Investment manager Hargreaves Lansdown has beaten weak stock markets and bad economic news to report a jump in both profits and revenues.
The company said revenues increased 15 per cent to £238.7m while pre-tax profits rose 21 per cent to a record £152.8m in the year to June 30.
The group’s growth came despite a seven per cent slide in the FTSE All Share index over the year.
The bumper results triggered a bigger than expected dividend payout and means founders Peter Hargreaves and Stephen Lansdown, who are still major shareholders, will receive £34.4m and £21.6m respectively. Mr Lansdown announced he will step down from the board.
The company’s Vantage platform, which allows investors to put their money into a range of products, attracted 45,000 new active clients, taking the total number to 425,000.

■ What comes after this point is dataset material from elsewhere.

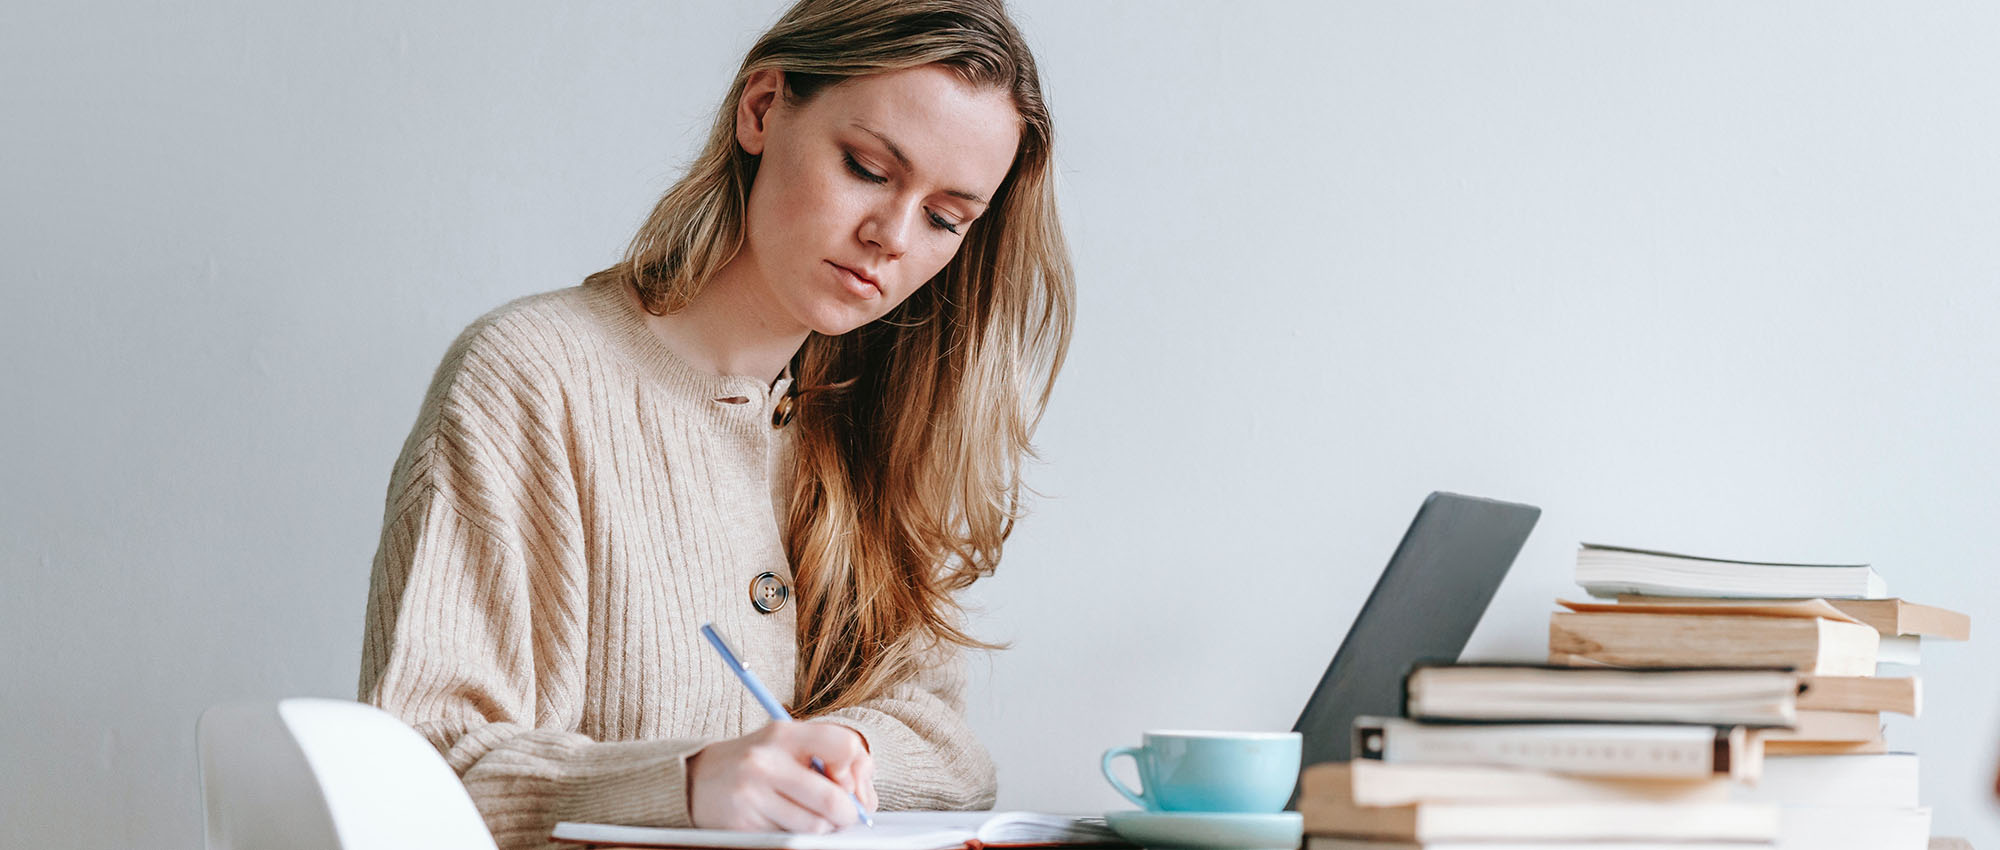 Sie sehen eine Dame an ihrem Schreibtisch die neben ihrem Laptop etwas auf einen Block schreibt. Es ist das Titelbild des Blogbeitrags "Der Nutzen von problembasiertem e-Learning".

Assets under administration rose seven per cent to £26.3bn despite the stock market declines, as it attracted more customers.
The industry in which Hargreaves operates is to receive a major shake-up, known as the Retail Distribution Review, which will come in two phases.
The first phase due at the end of 2012 will see financial advisers forced to charge for advice but will not impact Hargreaves as it already charges. It said the change could help attract new customers.
But the second phase is likely to see fund management platforms banned from receiving commission from fund managers for listing their products.